It’s time our cricketers stopped travelling outside the subcontinent. The pathetic display of the IPL teams in the Champions League Twenty20 shows that nothing has changed since our drubbing in England and Australia. Our batsmen look all at sea as soon as the ball starts seaming about as it is doing on these South African pitches. And the redoubtable Sachin Tendulkar has a new nemesis in a left-arm spinner from Garankuwa who wasn’t even born when the ‘maestro’ made his Test debut — Aaron Mpho Phangiso hasn’t stopped grinning ever since he castled the Mumbai Indians star for 16.
Three IPL teams have yet to register a victory and are virtually out of the tournament already. The fourth one, Delhi Daredevils, are the only one to manage a win, and that was against fellow IPL team Kolkata Knight Riders. It doesn’t get any worse than this.
It’s not just the batting. Bowlers like L Balaji are dishing out hitting practice at the pace they are able to muster. On Indian pitches, where the ball does not come on to the bat, they get away with it sometimes, but here they are sadly exposed.
It’s not even as though they are playing against the best players from Australia and South Africa. The IPL teams are studded with Test players, both Indian and their foreign imports. In comparison, the champions from other leagues look bereft of stars. That they are still prevailing over the IPL teams shows just how out of touch our players have got with playing on pitches with a bit of grass and moisture. At the same time, they will play like champions as soon as they return to the subcontinent. We really should do something about this bipolar disorder. But what?
The easy solution would be to simply stop sending our cricketers abroad. We can take a leaf out of the American book. They play almost all their baseball, basketball and football on their own soil, and feel no embarrassment over calling them world championships.
Everyone knows by now that it’s Indian cricket that draws the eyeballs and therefore the moolah. So there’s no danger of us being isolated. Teams and players from all over will be queuing up to play in India. We can easily promote a series of India-Centric Championships for all formats of the game and call it ICC to boot.

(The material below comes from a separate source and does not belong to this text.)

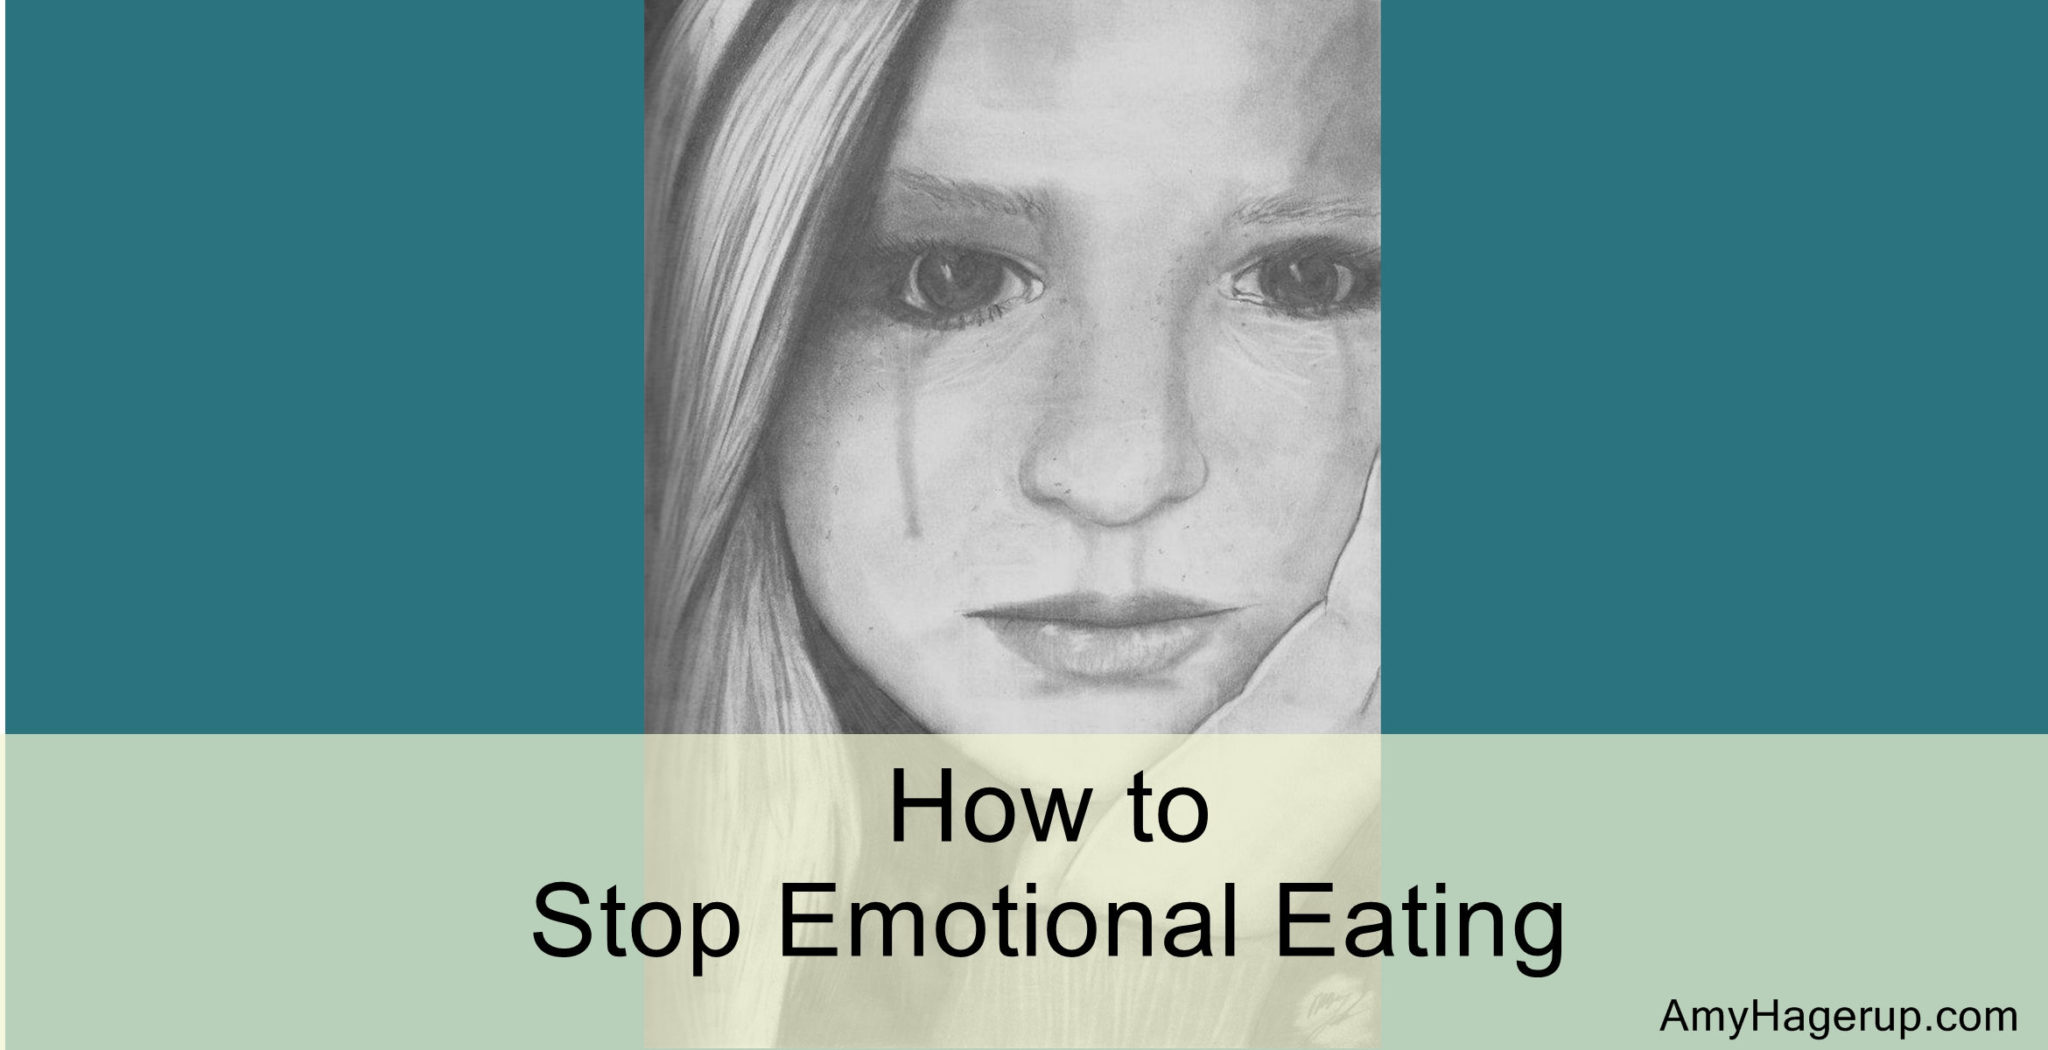 How to stop emotional eating tips
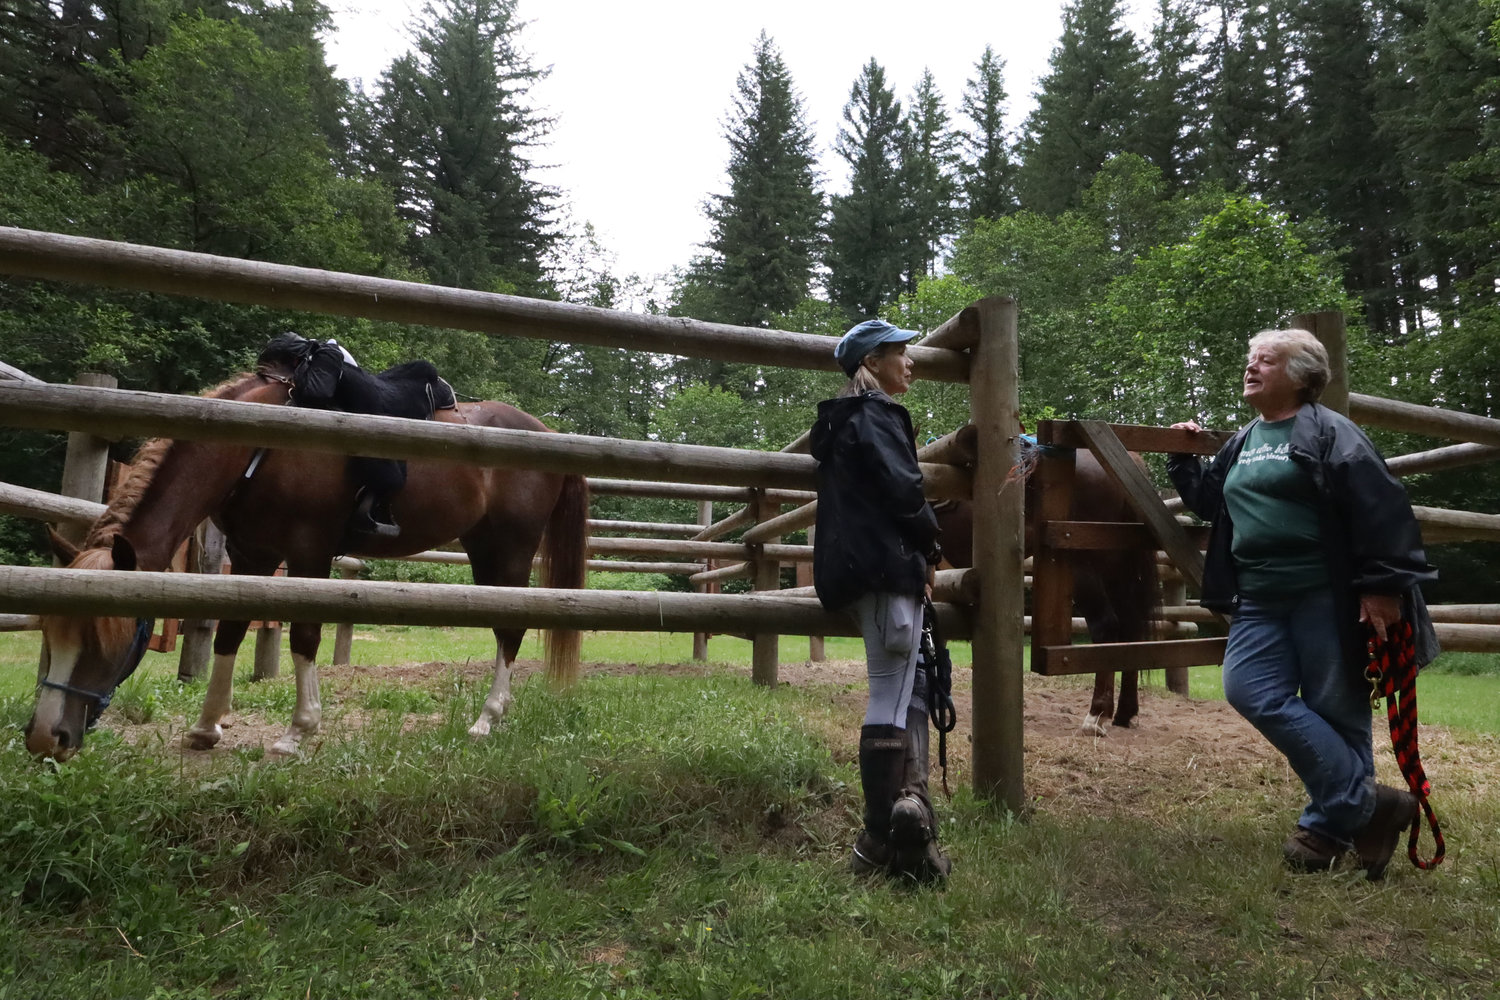 Left to right: Tani Bates and Barbra Thomas stop to visit while their horses are in the horse paddock at Rock Creek Horse Camp in Yacolt June 25.

The harder solution is to pick horses for courses. This is very hard to do because selection would have to be based on subjective criteria and not on domestic performances. Will the new chairman of selectors, Sandeep Patil, have the gumption to tell a batsman who gets zillions of runs on Indian pitches that his technique does not cut it abroad? But if you think about it, the logical thing to do is in fact to pick different sides, and maybe captains too, for games played in India and overseas. The conditions are so different that it’s almost a different ball-game. You wouldn’t pick a baseball team to play cricket, would you? So why blindly choose players who do well in India to make fools of themselves in England, Australia and South Africa?
The other rubicon that Mr Patil will have to cross is to tell Mr Tendulkar that enough is enough. One reason we are struggling abroad is because in the last few years we haven’t been grooming new talent in Tests. It’s only now that Rahul Dravid and VVS Laxman have made way for Cheteshwar Pujara and hopefully Ajinkya Rahane soon.
It’s ironical that MS Dhoni can’t seem to be able to win a game in the land where he burst on the international scene, winning the inaugural World Twenty20 with a bunch of youngsters, minus the Big Four. Perhaps, he was an instinctive captain then, who knew his limitations and therefore kept things simple (except of course that last over to Joginder Sharma in the World Cup final which I still believe he just got lucky with). These days you get the feeling he fancies himself as a thinking captain, and keeps getting things horribly wrong, as with his team selection and other decisions in the recent World Twenty20. And now from his handling of Chennai Super Kings, it looks as if our lucky captain has lost his mojo. What will Mr Patil do about that, I wonder.